Description of the task: Begin your copy at the line holding "Erst einmal durchpusten: Cristiano" and end it at the last line of the listing. Keep every line exact and leave out the pictures.

Provided material:
━━━━━━

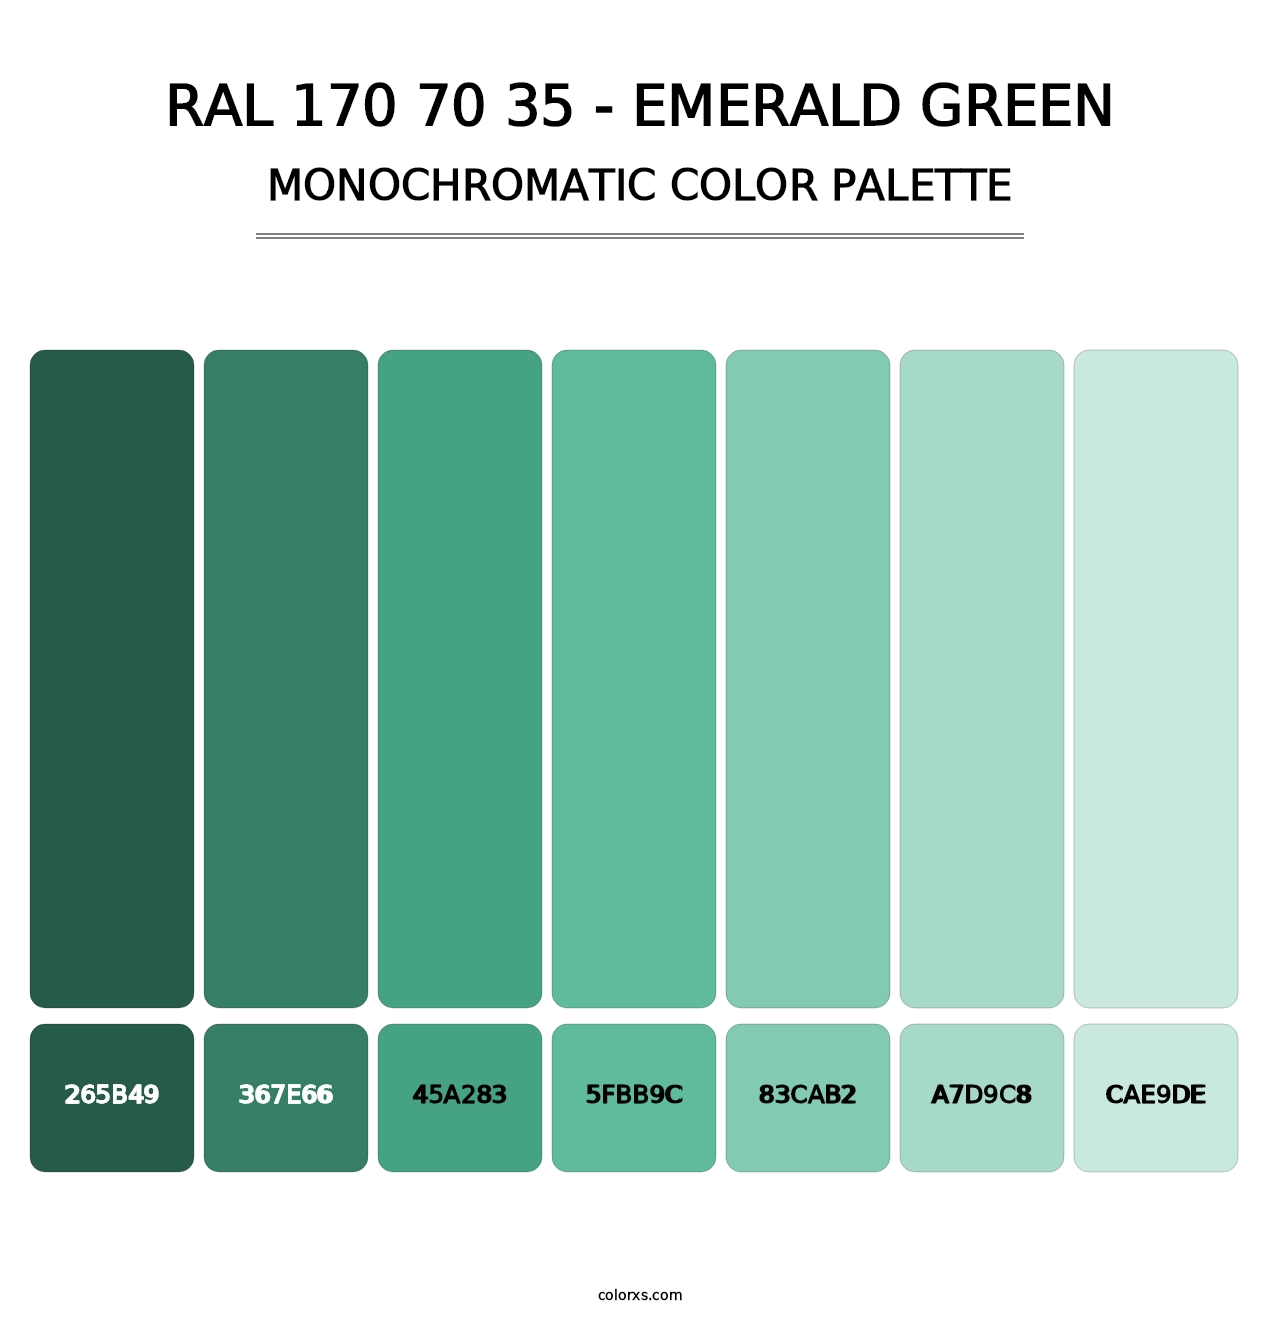 RAL 170 70 35 - Emerald Green - Monochromatic Color Palette
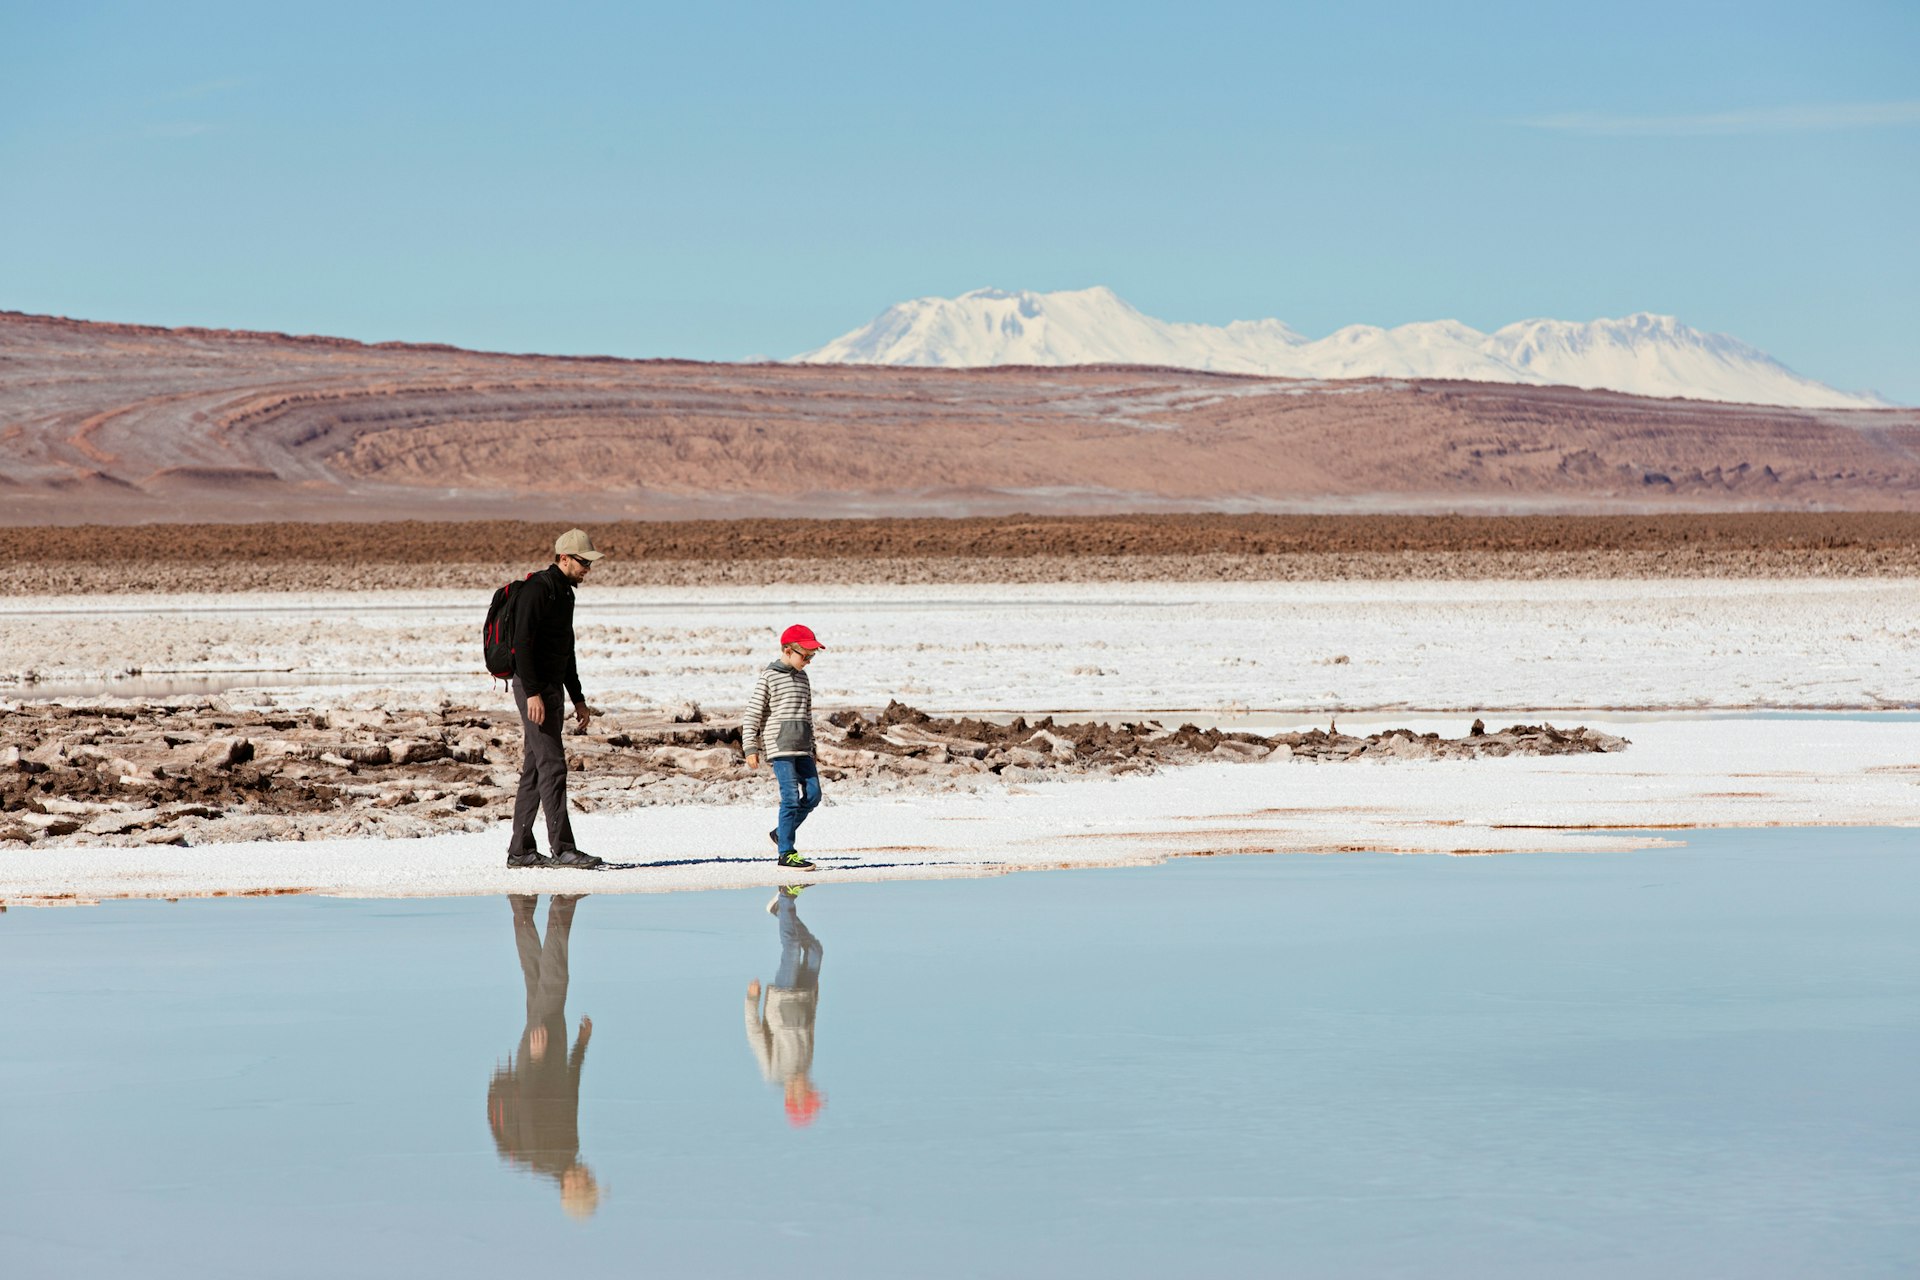 Un padre y su hijo caminan junto a un lago salado en una vasta zona desértica
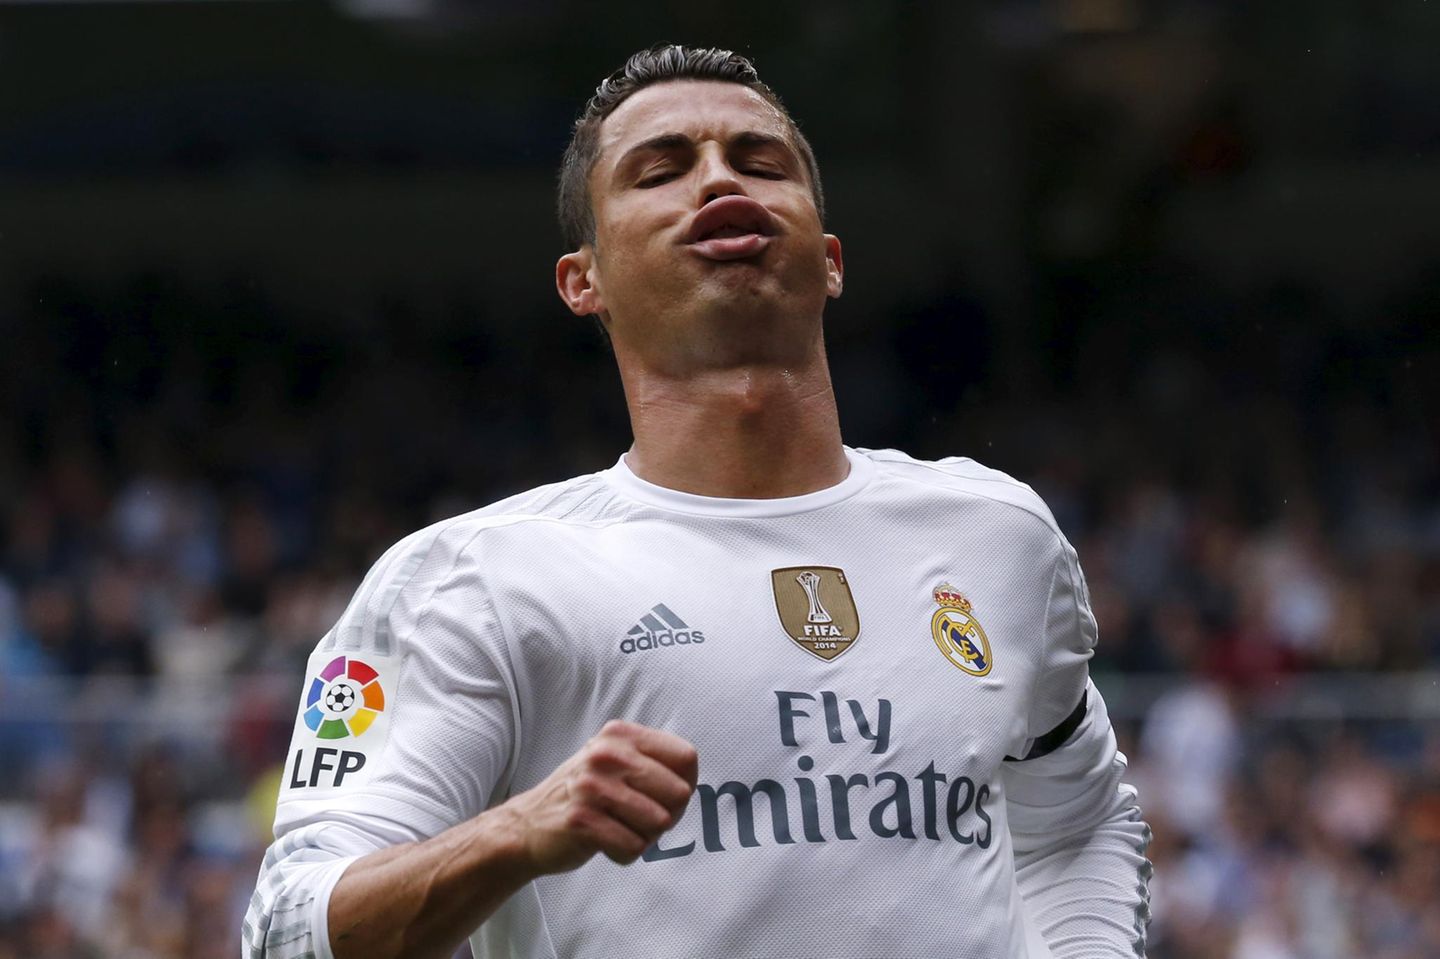 Erst einmal durchpusten: Cristiano Ronaldo zeigt während eines Fußballspiels Emotionen.
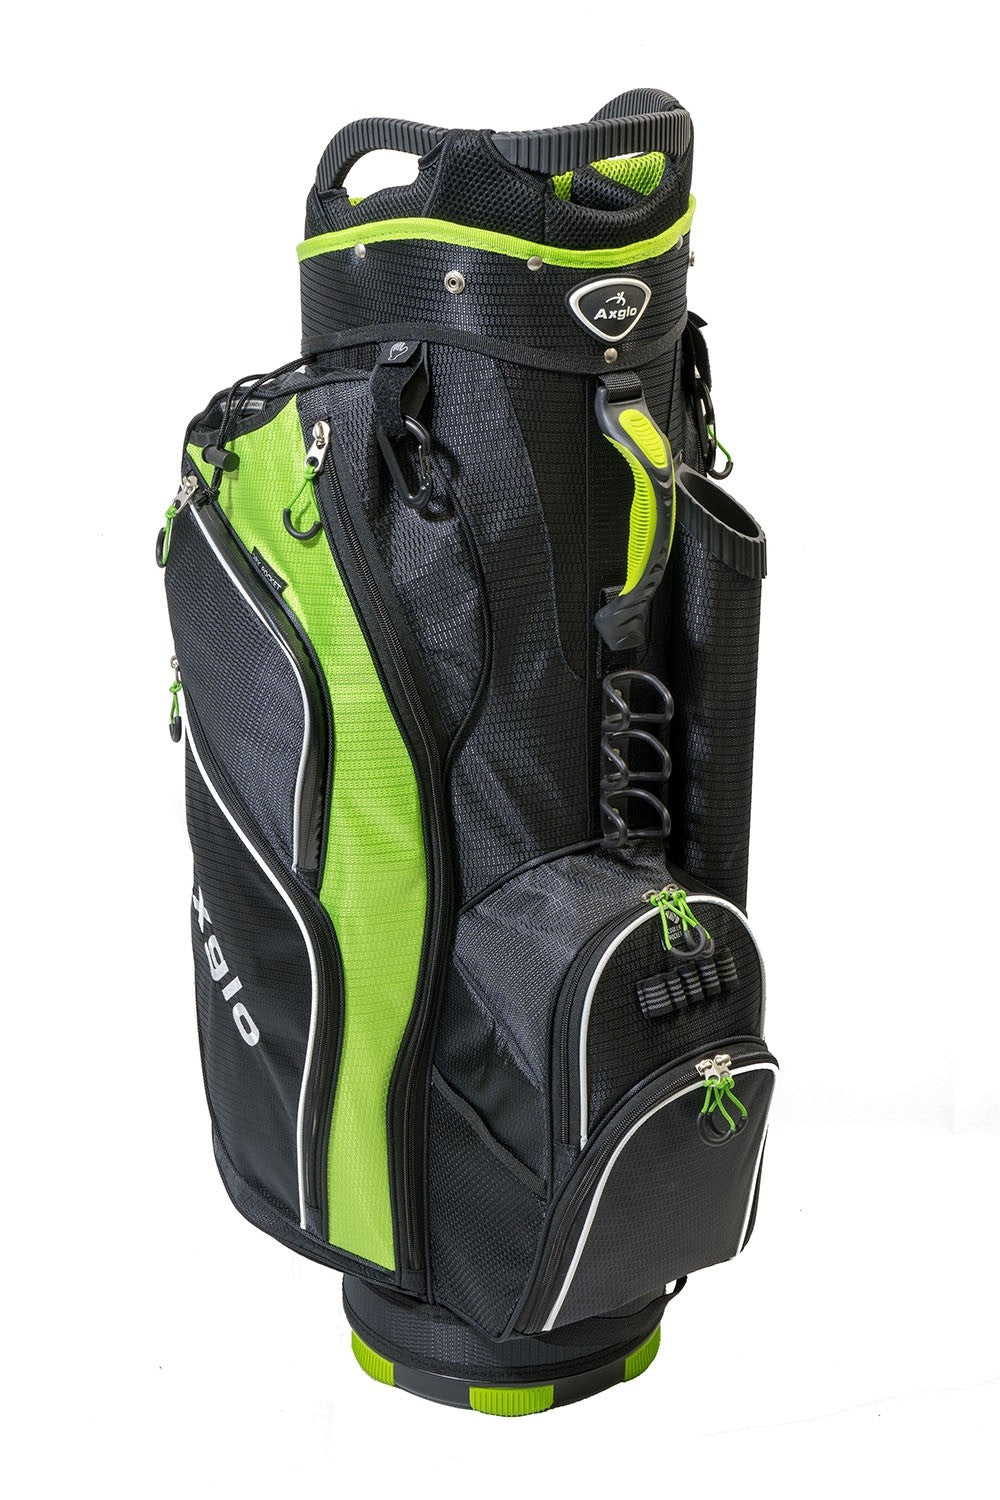 Taylormade Flextech Lite Golf Stand Bag  Green  Andrew Morris Golf

━━━━━━

Answer space:
 Erst einmal durchpusten: Cristiano Ronaldo zeigt während eines Fußballspiels Emotionen.
 Taylormade Flextech Lite Golf Stand Bag  Green  Andrew Morris Golf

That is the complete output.